In each of these historical cases and discussions regarding the duty to treat, the only exceptions have related to health care worker’s personal risk, usually due to epidemics. Nowhere has there been sanctioned denials of care—and even emergency medical care for (miscarrying) women—because it offended a provider’s beliefs.
An illuminating comparison can be made between women’s healthcare issues and other issues that some in our society find morally or religiously objectionable. In an excellent post, “Not all Choice is Free,” Louis A. Ruprecht appropriately concludes, “The question that should be asked is why the US Catholic Bishops are exerting so much energy and money and time on the matter of contraception, with no similarly public cries of outrage against the death penalty, state-sponsored torture, or the two preemptive wars in which the U.S. has involved itself for fully a decade. Clearly there is a lot more to this debate than the First Amendment. It has to do with one of the most powerful patriarchal religious organizations in the world—be sure to recall that the bishops are all men, every last one of them—placing itself squarely in opposition to women’s sexual equality and autonomy.”
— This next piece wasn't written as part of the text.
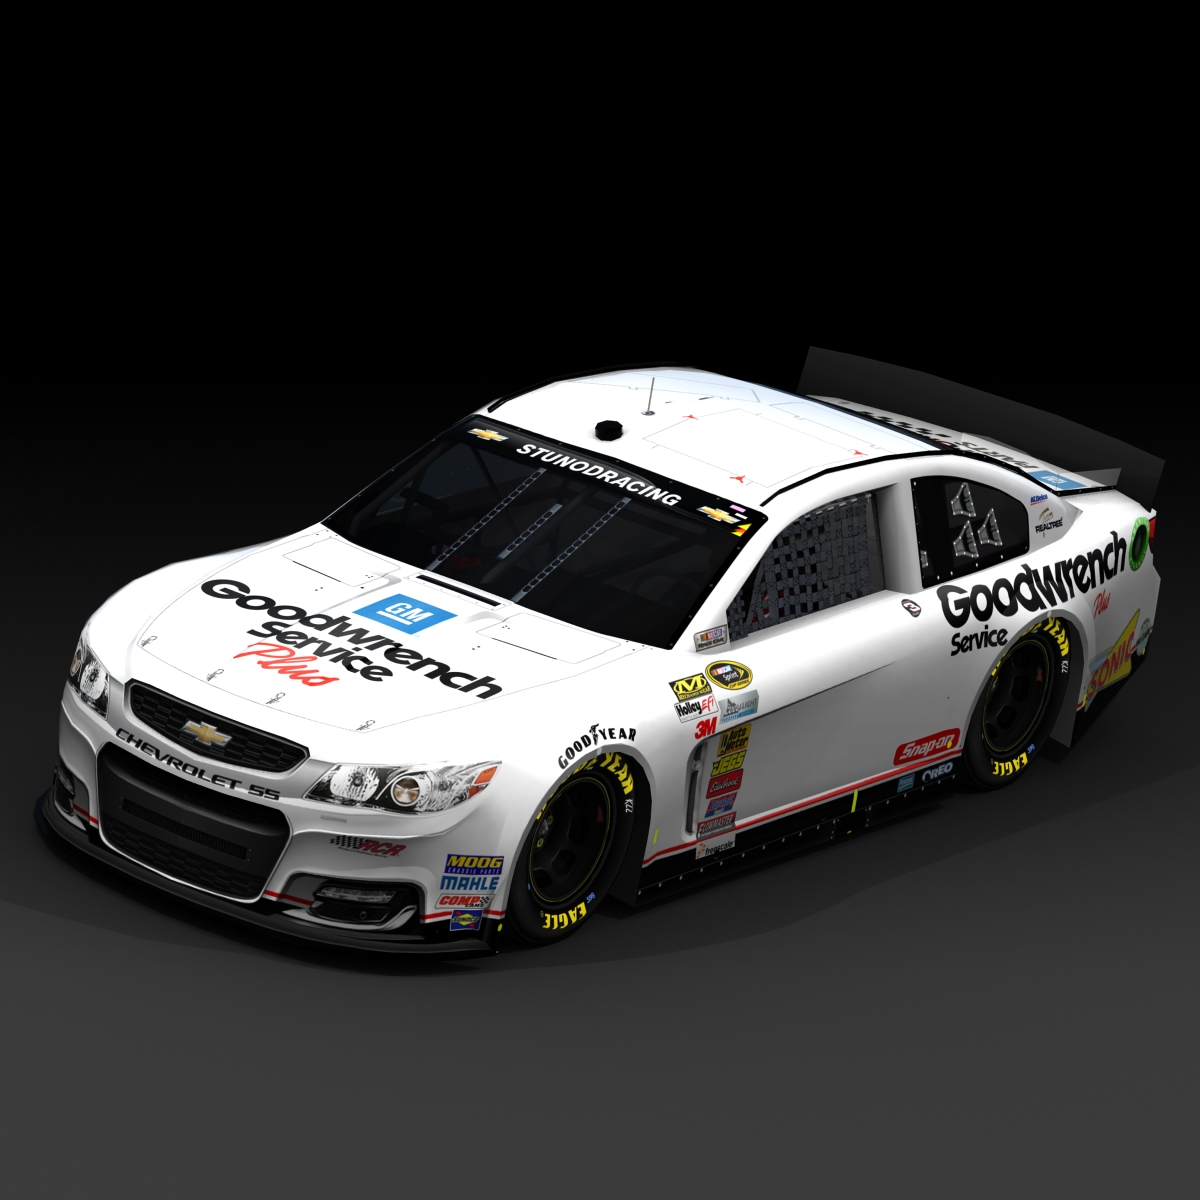 Kevin_Harvick-GoodWrench_Service-Plus-Rookie2001-render.jpg

In 1985, a North Carolina resident withheld a penny from his taxes to protest the death penalty and execution of Velma Barfield. He claimed “a religious exemption from paying for state services to which he was opposed on moral and religious grounds. The state’s answer was simple in the spring of 1985: you don’t get to pick and choose the services you pay for, regardless of the reason.”
Catholic hospitals provide 20-30% of the hospital care in the United States. Religious health systems received more than $45 billion in public, taxpayer-supported, funds, including Medicare and Medicaid funding. The Catholic Health Association, for example, also receives huge tax breaks as a “non-profit, charitable” organization. Thus, religiously-affiliated health systems have an enormous influence on health care, especially in rural areas, where they are often the sole provider.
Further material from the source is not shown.